We have found a basis \( B\) with orthogonal vectors in which the matrix \( D\) of the linear mapping having \( A\) as matrix in the canonical basis is a diagonal matrix.
We have thus ’diagonalized’ the matrix \( A\) , and:
the diagonal elements od \( D\) are the eigenvalues of \( A\) ,
and the vectors of the basis \( B\) are eigenvectors of these eigenvalues in the same order.
Moreover, if we divide each vector of the basis \( B\) by its norm, we obtain an orthonormal basis \( B'\) in which the matrix of the linear mapping corresponding to \( A\) is the same diagonal matrix \( D\) .

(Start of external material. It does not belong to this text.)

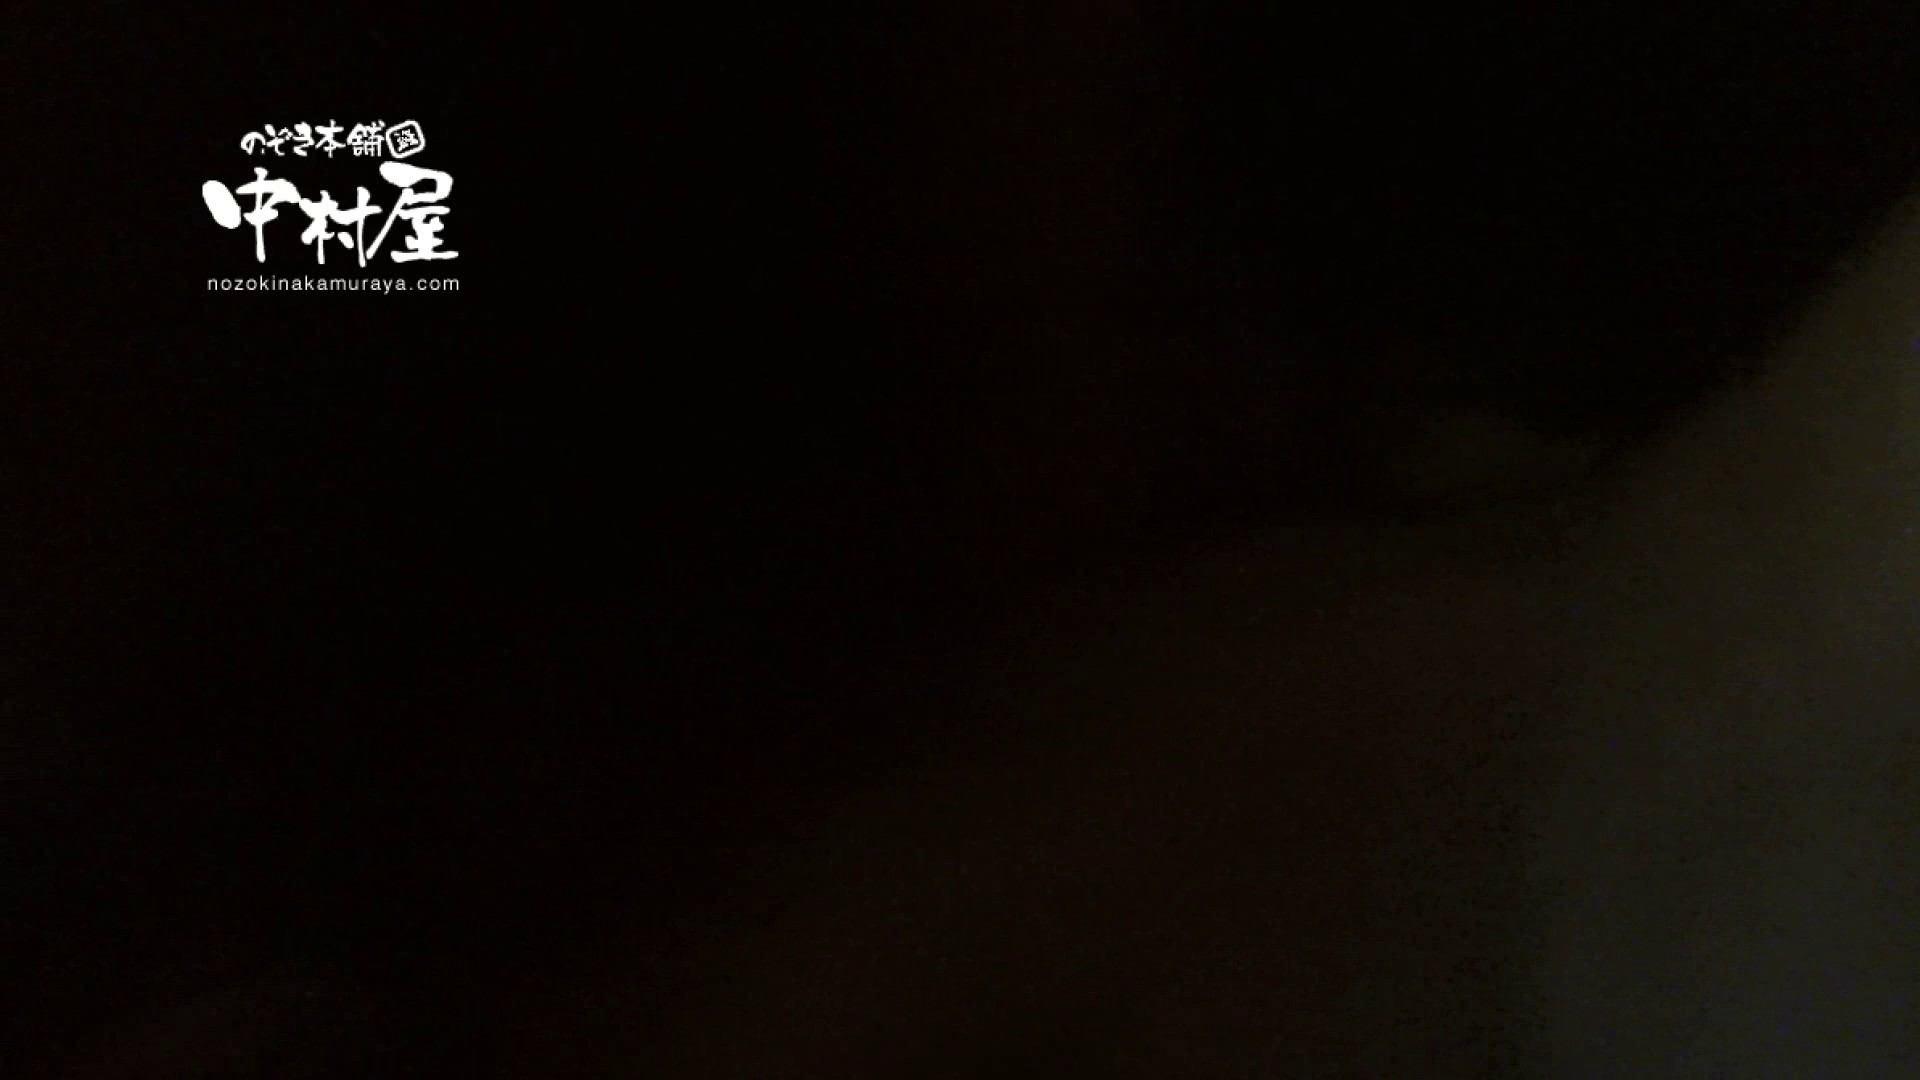 鬼畜 vol.08 極悪!妊娠覚悟の中出し! 後編 中出し 隠し撮りオマンコ動画紹介 94pic 38

Indeed, if we multiply an eigenvector for the eigenvalue \( \lambda_i\) by a non zero scalar, we obtain another eigenvector for \( \lambda_i\) .
We may thus diagonalize the matrix \( A\) in an orthonormal basis.
And the transition matrix \( U\) from the orthonormal basis \( B'\) to the canonical basis is a unitary matrix.
Consequently, we have \( D=U^{-1}AU=U^TAU\) , so that \( A=UDU^T\) , where:
\( D\) is a diagonal matrix,
and \( U\) is a unitary matrix.
It is the spectral decomposition in dimension 2.